The study also contributes to the growing evidence that 3D printing can produce high-quality pharmaceutical products. The printed capsules were robust, exhibited reproducible performance, and utilized materials already familiar in the pharmaceutics field. This convergence of novel manufacturing with known excipients may ease the regulatory pathway for future products. Indeed, regulatory agencies are actively exploring how to evaluate and approve 3D-printed drug products [19], and our work provides a case study showcasing quality-by-design in a printed formulation [3] (where polymer choice and ratio serve as critical quality attributes determining the release profile).
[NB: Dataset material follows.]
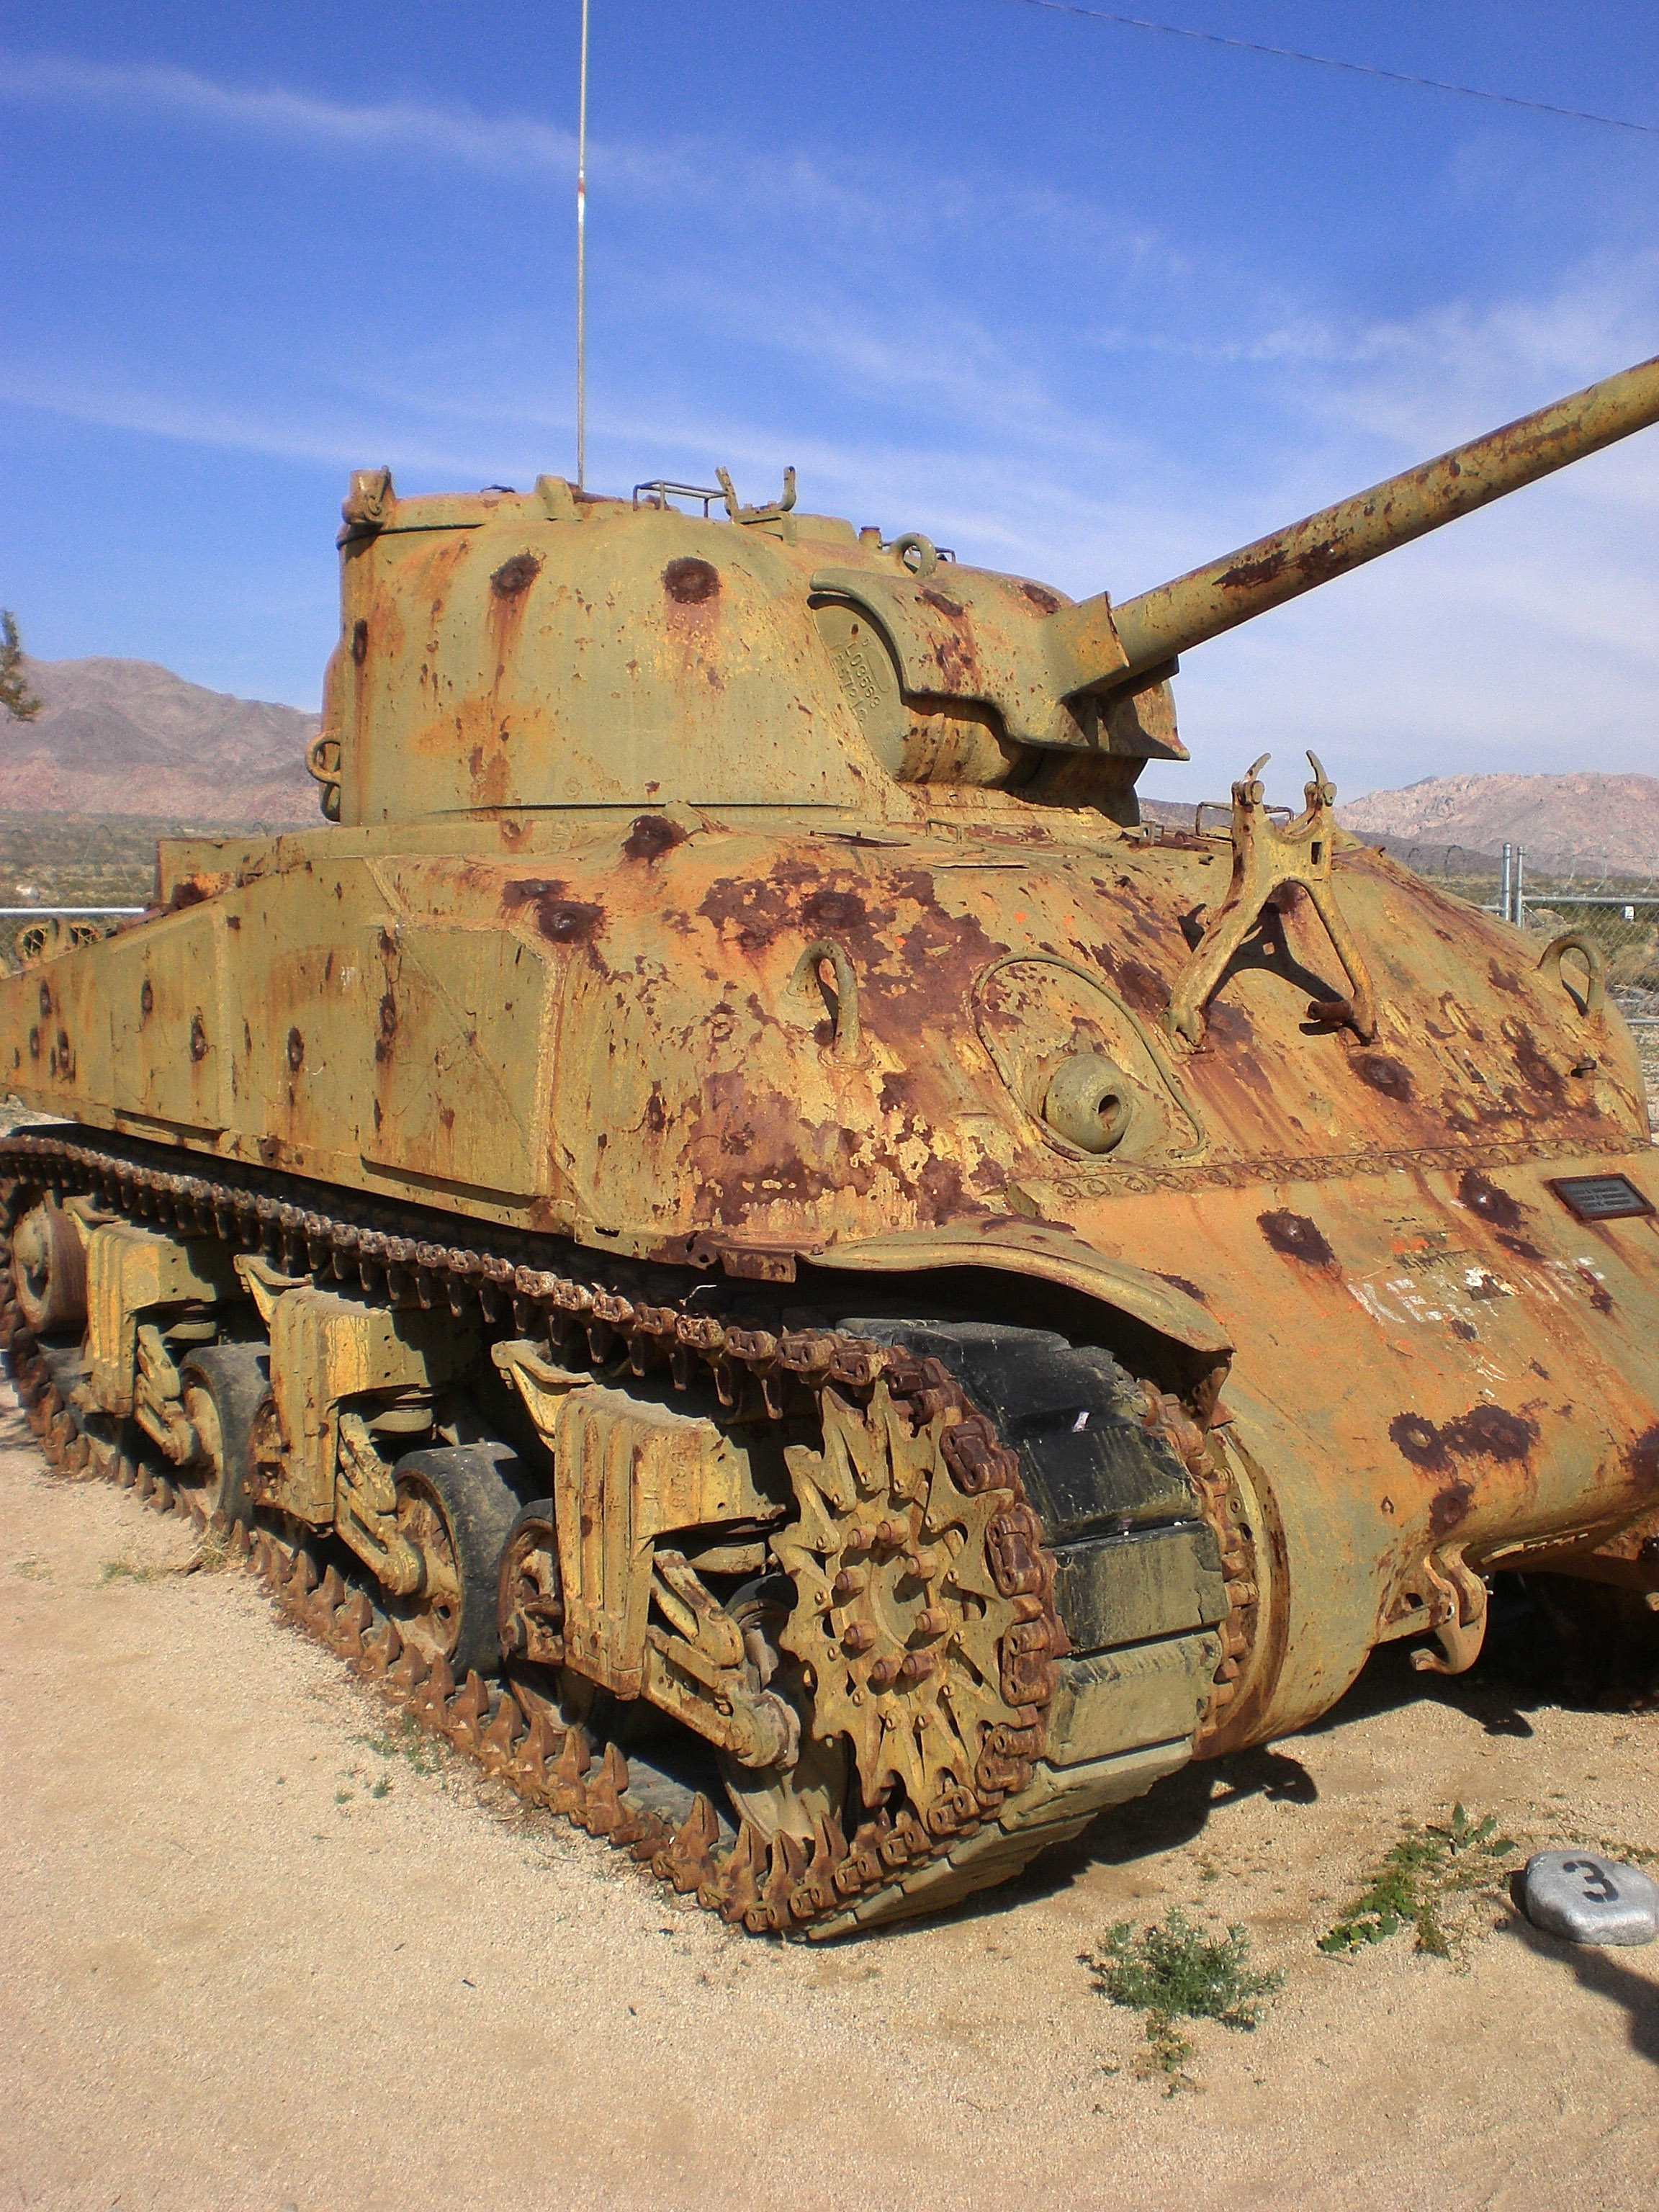 Sherman Tank closeup image - Free stock photo - Public Domain photo
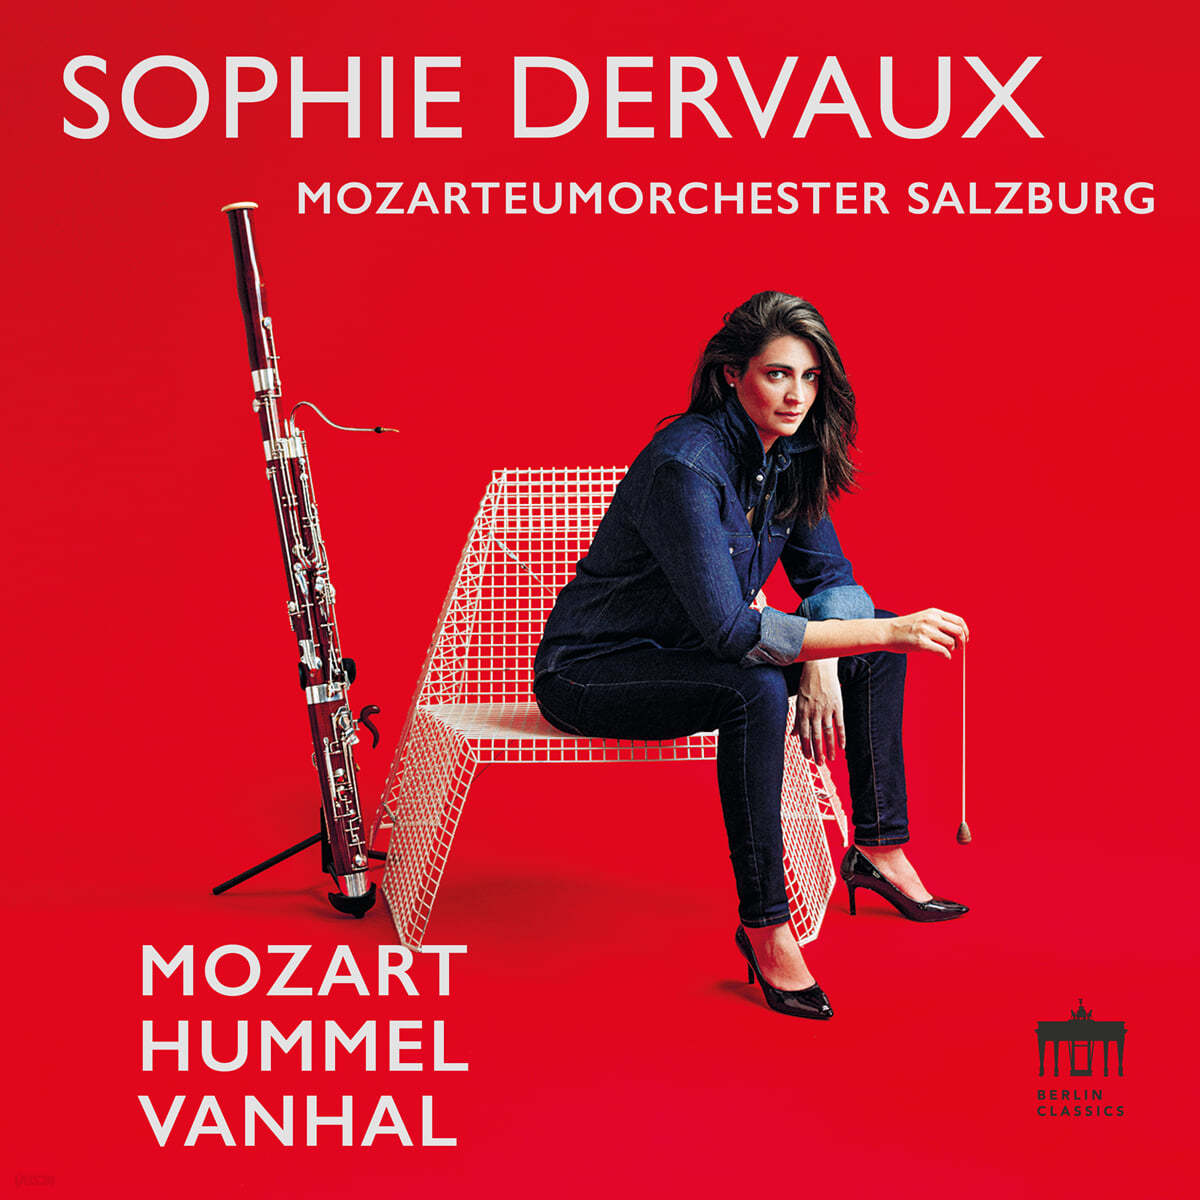 Sophie Dervaux 모차르트 / 훔멜 / 반할: 바순 협주곡 (Mozart / Hummel / Vanhal: Bassoon Concertos)

In conclusion, we demonstrated that 3D-printed capsule shells can be fine-tuned to achieve desired drug release patterns that surpass what is possible with standard capsule designs. The optimized capsules combine the roles of an enteric protector and a sustained-release matrix, embodying a multifunctional oral delivery system. This work lays a foundation for the future development of patient-centric therapies, where dose, release rate, and treatment scheduling can be personalized with a simple change in a digital design or formulation recipe. Further research and development, including in vivo studies and expansion to other drugs, will pave the way for translating this promising technology into real-world healthcare solutions. As 3D printing continues to penetrate the pharmaceutical industry, it holds the promise of fundamentally changing how medicines are designed, manufactured, and dispensed—ultimately heralding an era of truly individualized pharmacotherapy.